Here’s a common flow for a 90-minute meeting:

Arrival and connection / catching up
Icebreaker [10 – 15 minutes]
Study – DVD, teaching, scripture reading, devotional thought [20 minutes]
Relevant Discussion [40 minutes]
Prayer [10 – 15 minutes]
Connection [10 – 30 minutes before or after the meeting officially ends]

  1. Begin with an ice-breaker question

This is a fun, interesting and well-liked way for people to get to know each other. Afterwards, many participants will start a conversation with another, curious to hear more about their ice-breaker answers..

  1. Discuss the group’s boundaries, expectations or guidelines.

This is an important step. If done well, it sets the foundation for accountability, redirection, safety and trust. It’s far easier to refer back to a guideline than it is to introduce one in response to a conflict later on.

  1. Highlight the curriculum

If the curriculum has already been chosen, you could show a trailer and give an overview to pique their curiosity for the next week. If you haven’t chosen a study yet, you might want to feel out what would be most relevant to the group before making the final decision. One approach would be to offer a couple of options and let the participants vote. Another way is to pass around an index card and have group members answer a couple key questions that would help you decide.

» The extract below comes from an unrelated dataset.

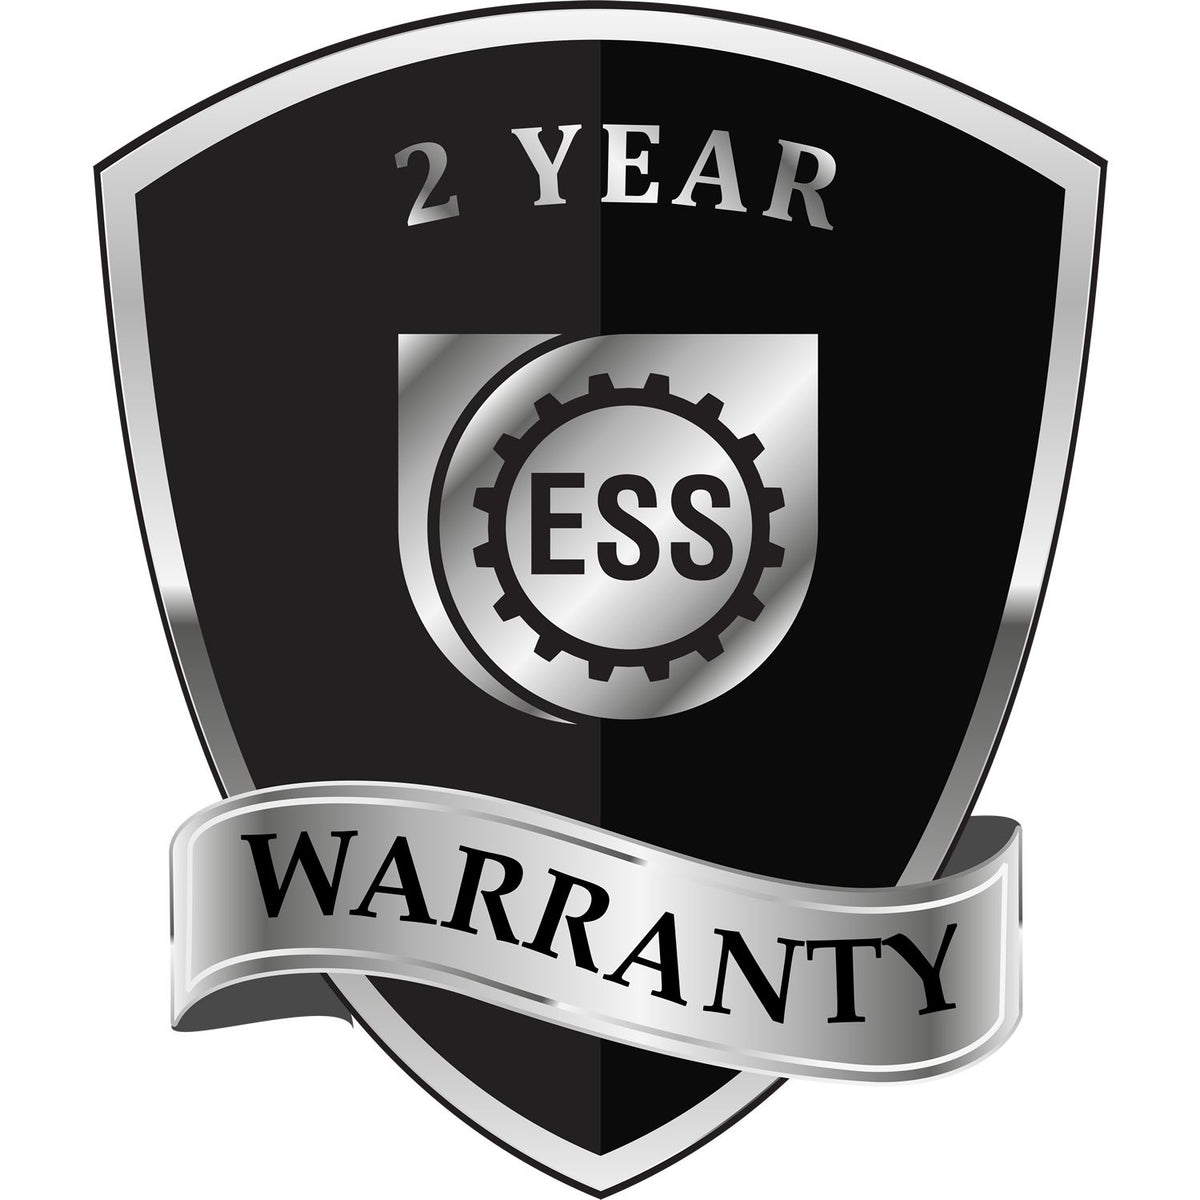 A black and silver badge or emblem showing warranty information for the Gift Wyoming Landscape Architect Seal

  1. Lead and model authentic conversation

Studying and learning biblically based principles is an important part of group life, however often it’s the time of discussion, sharing and being heard where people work out and apply those transforming principles to their life. You get to set the tone for this kind of authenticity with the questions and answers you offer yourself.

  1. Introduce and demonstrate what you want prayer time in the group to look like throughout the season together

Sharing prayer requests and praying aloud is one of the most vulnerable, scary part of group time for some participants. You can make it safe to begin by modeling it but also paint a picture of what group members couple can experience together as they are stretched in this area.

  1. Confirm the date and place for the next meeting

Before you dismiss make sure everyone knows when and where to meet next and encourage informal connection at the end. Having refreshments available works well!

Following Up After the First Meeting

  1. Touch base with each person who attended the meeting to encourage them.

This extra step helps them to continue to forge a relationship with you. You could send a text, an email, a Facebook message or look for them at church. Any contact in between meetings will help cement them to their new group.

  1. Connect with each person who didn’t make it the first week.

Let them know what they missed. Finding out why they missed and helping them feel noticed and heard might help encourage them to come the next time. Don’t estimate the power of simply letting them know that you’d love to see them out the next time.

  1. Contact all of your new group members a couple of days before your next meeting.

With full schedules, we have a lot of things on our minds! Attending your group isn’t a habit yet, so don’t assume that they’ll remember or have just as much priority or courage to return. They need your encouragement.

Finishing my story

So what happened with my first group meeting when I sent everyone to the wrong house?

A shot of adrenaline and adventure kicked in. Instead of shaming myself for messing up, I let it go and asked the hosts to welcome everyone who came. I ran out to the front of the misdirected townhouse unit and greeted every stranger who approached my direction. If they weren’t part of the group, I’m sure they just thought I was a friendly person. If they were part of the group, I sent them over to the correct home.

It meant that I was a little late and flustered once I got back to the host home, but the ice had been broken. We had a good laugh and it ended up being an energizing way for a bunch of strangers to start getting to know each other and begin a season of deep friendships.

Your first meeting isn’t about perfection or good impressions. It’s about being authentic, inviting and being like Jesus – setting the foundation for meaningful connection and relationships.